Neural nets are mathematical graphs are designed to do fast statistical calculations through many layers of sorting and weighting toward a designed goal. The whole point is pattern recognition and pattern matching, based on human perceptual inferences and pattern recognition capacities as part of human symbolic cognition.
We can design algorithms as pattern recognizers over data because the patterns are human-generated patterns represented in the computable tokens. Pattern-recognizing AI/ML and NLP models are thus projections from human symbolic capabilities, which give us the abilities of multi-leveled abstraction, generalization, and combining types of representations (sign and symbol systems).
“Deep Learning” is not “deep” as in ordinary language “deep/depth of knowledge,” or cumulative history of knowledge and learning. “Deep Learning” means adding many more graph layers with recursive (recurrent) pattern analysis.

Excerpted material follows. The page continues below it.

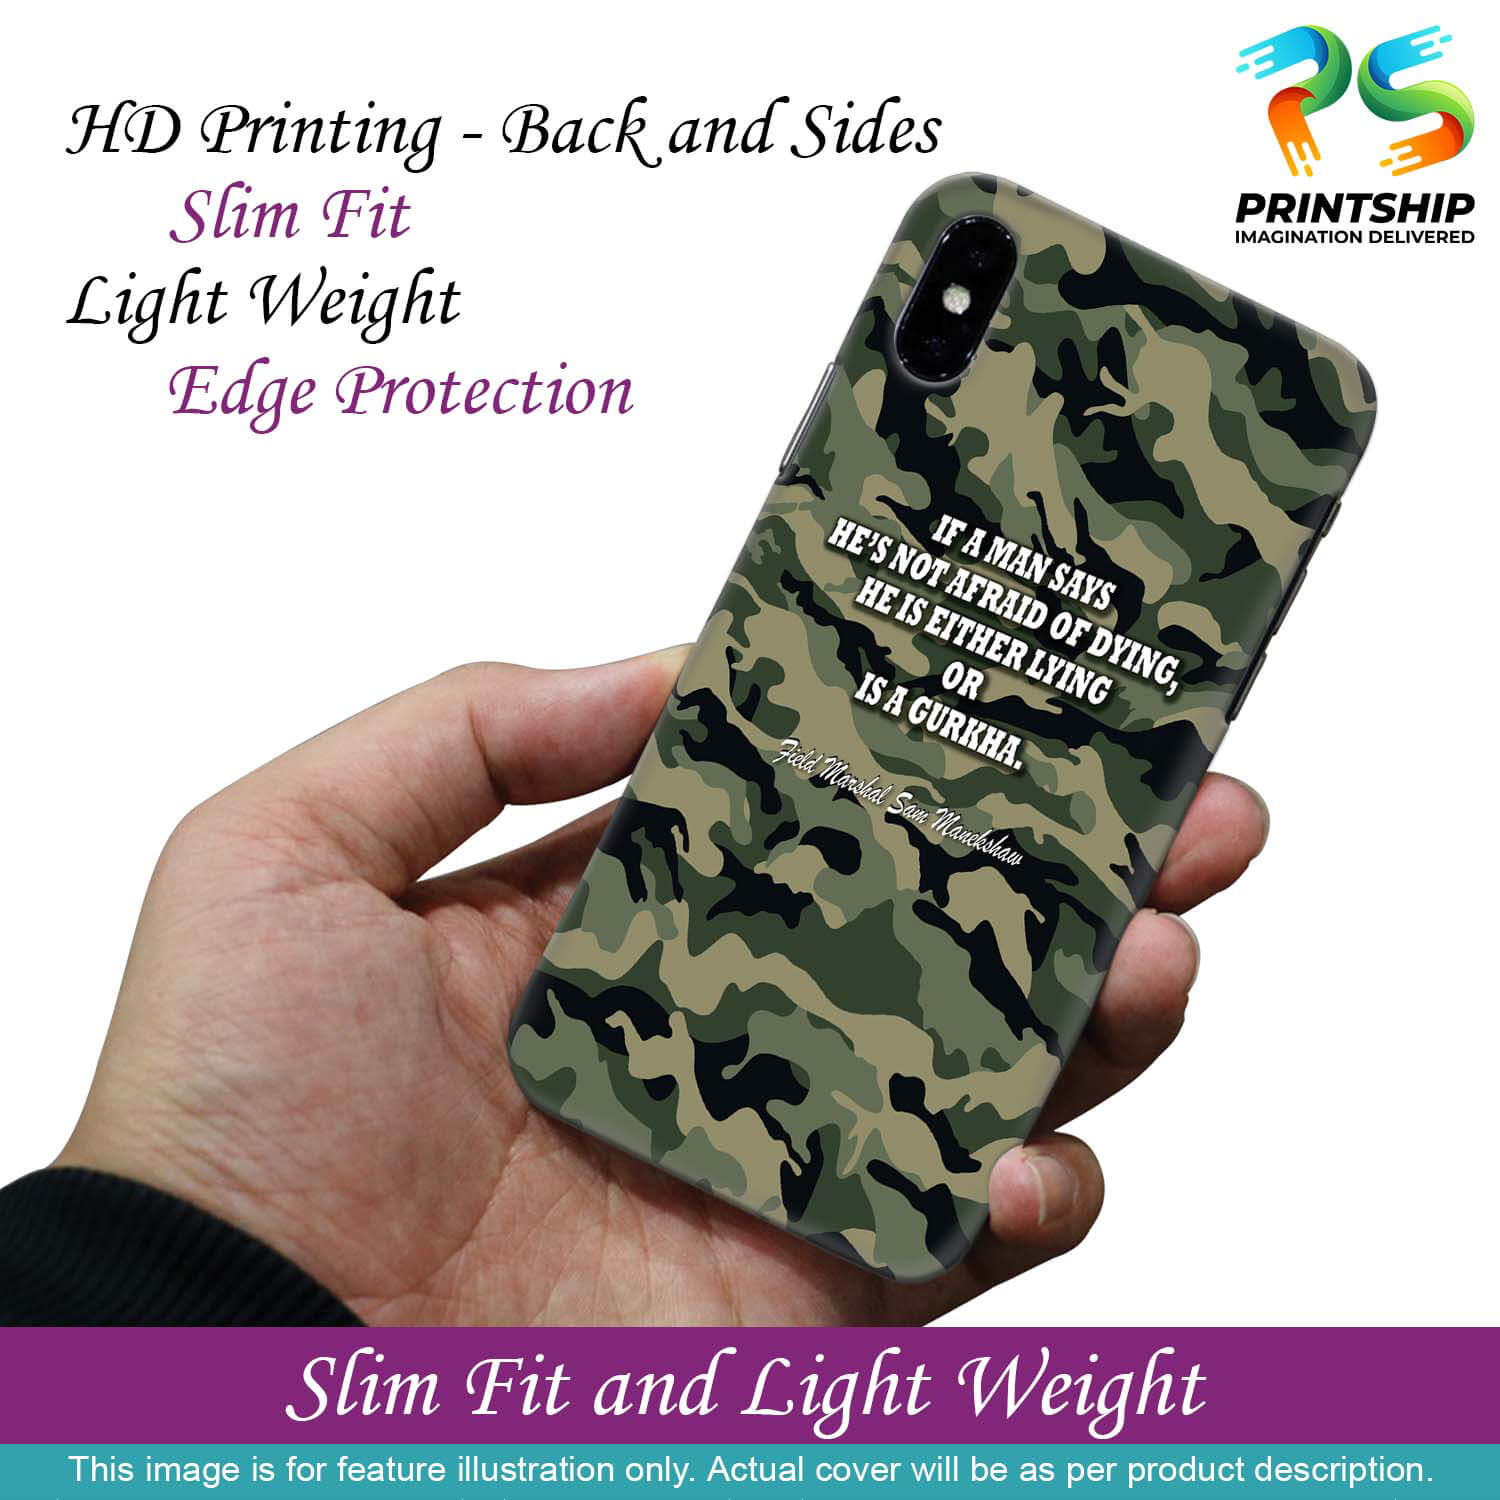 W0450-Indian Army Quote Back Cover for Samsung Galaxy M30

Confused and confusing philosophy in ML
/197/ To conclude this journey, we would like to say a few words
about cognitive issues. The most active researchers in the field of
machine translation generally avoid addressing cognitive issues
and make few parallels with the way humans perform a
translation. The artificial intelligence domain has suffered from
spectacular and inflated claims too much in the past, and in
relation to systems that had nothing to do with the way humans
think or reason. It may thus seem reasonable to focus on
technological issues and leave any parallel with human behavior
aside, especially because we do not, in fact, know much about
the way the human brain works.
However, it may be interesting in this conclusion to have a
look at cognitive issues despite what has just been said, because
the evolution of the field of machine translation is arguably
highly relevant from this point of view. The first systems were
based on dictionaries and rules and on the assumption that it was
necessary to encode all kinds of knowledge in the source and
target languages in order to produce a relevant translation. This
approach largely failed because information is often partial and
sometimes contradictory, and knowledge is contextual and
fuzzy. Moreover, no one really knows what knowledge is, or /198/
where it begins and where it ends. In other words, developing an
efficient system of rules for machine translation cannot be
carried out efficiently by humans, since the task is potentially
infinite and it is not clear what should be encoded in practice.

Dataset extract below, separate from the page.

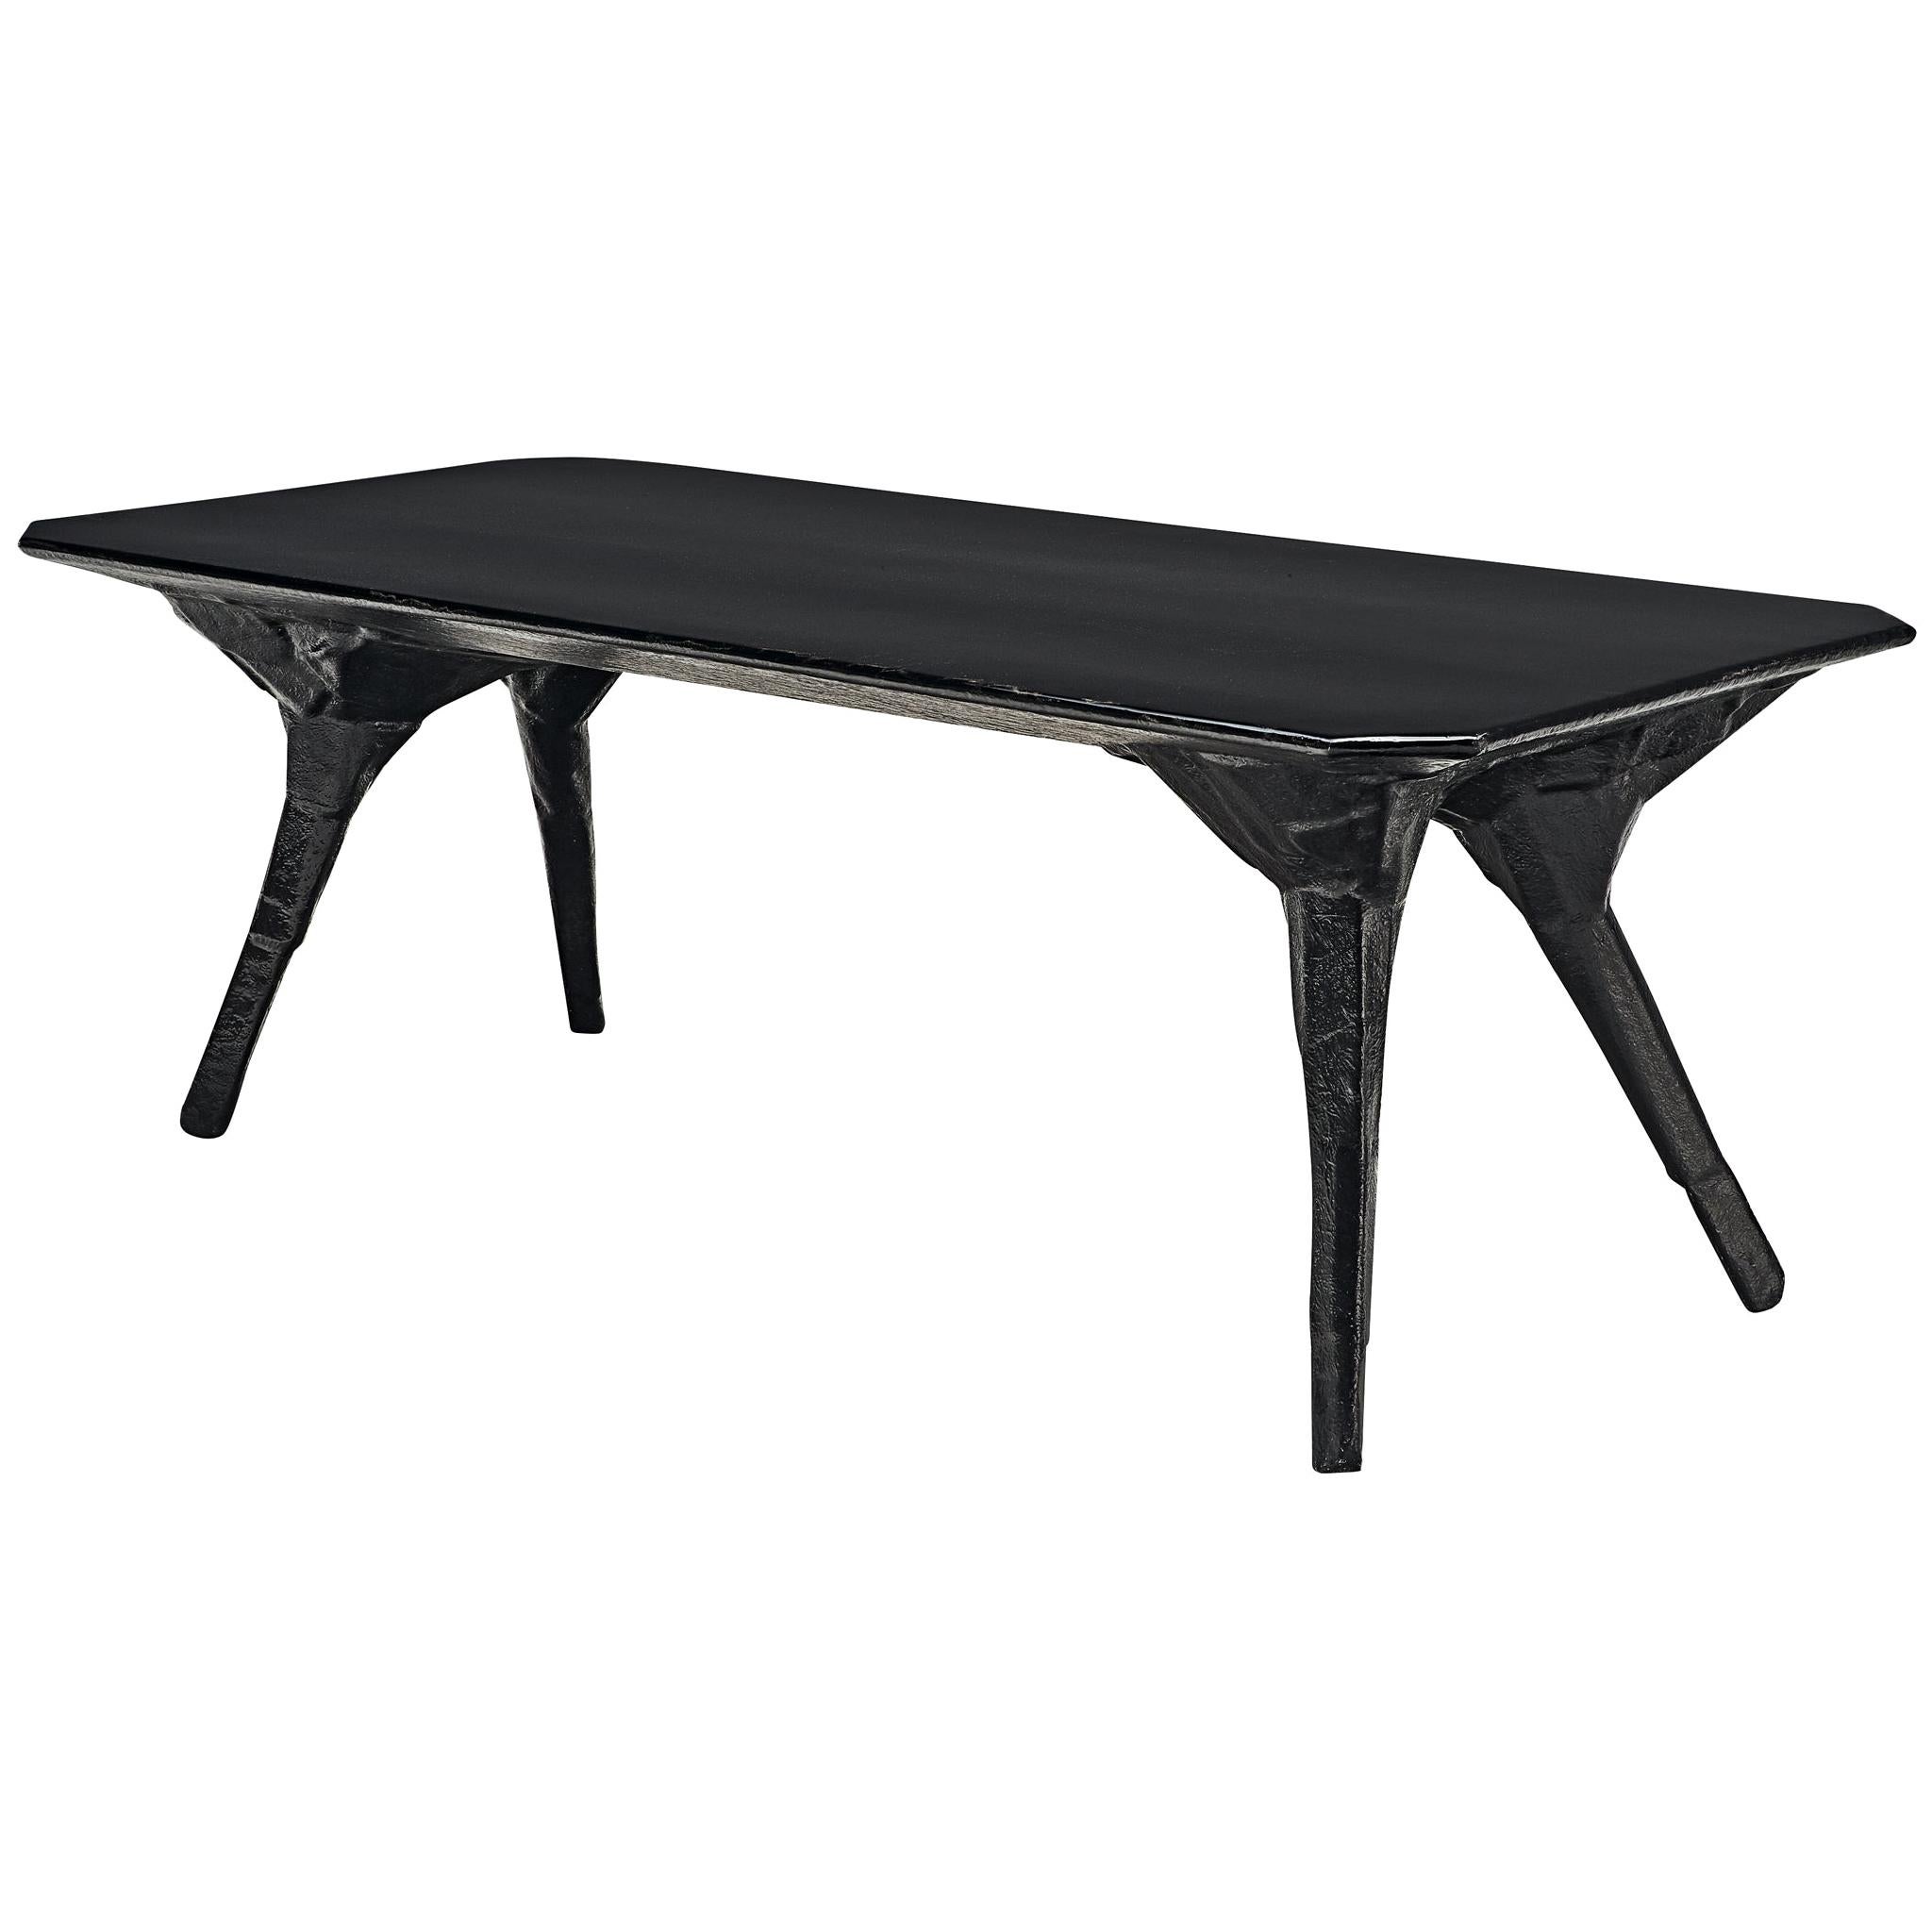 El Ultimo Grito Dining Table with Sculptural Legs

Statistical systems then seemed like a good solution, since
these systems are able to efficiently calculate complex contextual
representations for thousands of words and expressions. This is
something the brain probably does in a very different way, but
nevertheless very efficiently: we have seen in chapter 2 that any
language is full of ambiguities (cf. “the bank of a river” vs. “the
bank that lends money”). Humans are not bothered at all by
these ambiguities: most of the time we choose the right meaning
in context without even considering the other meanings. In “I
went to the bank to negotiate a mortgage,” it is clear that the word
“bank” refers to the lending institution, and the fact that there is
another meaning for “bank” is simply ignored by most humans.
A computer still has to consider all options, but at least statistical
systems offer interesting and efficient ways to model word senses
based on the context of use.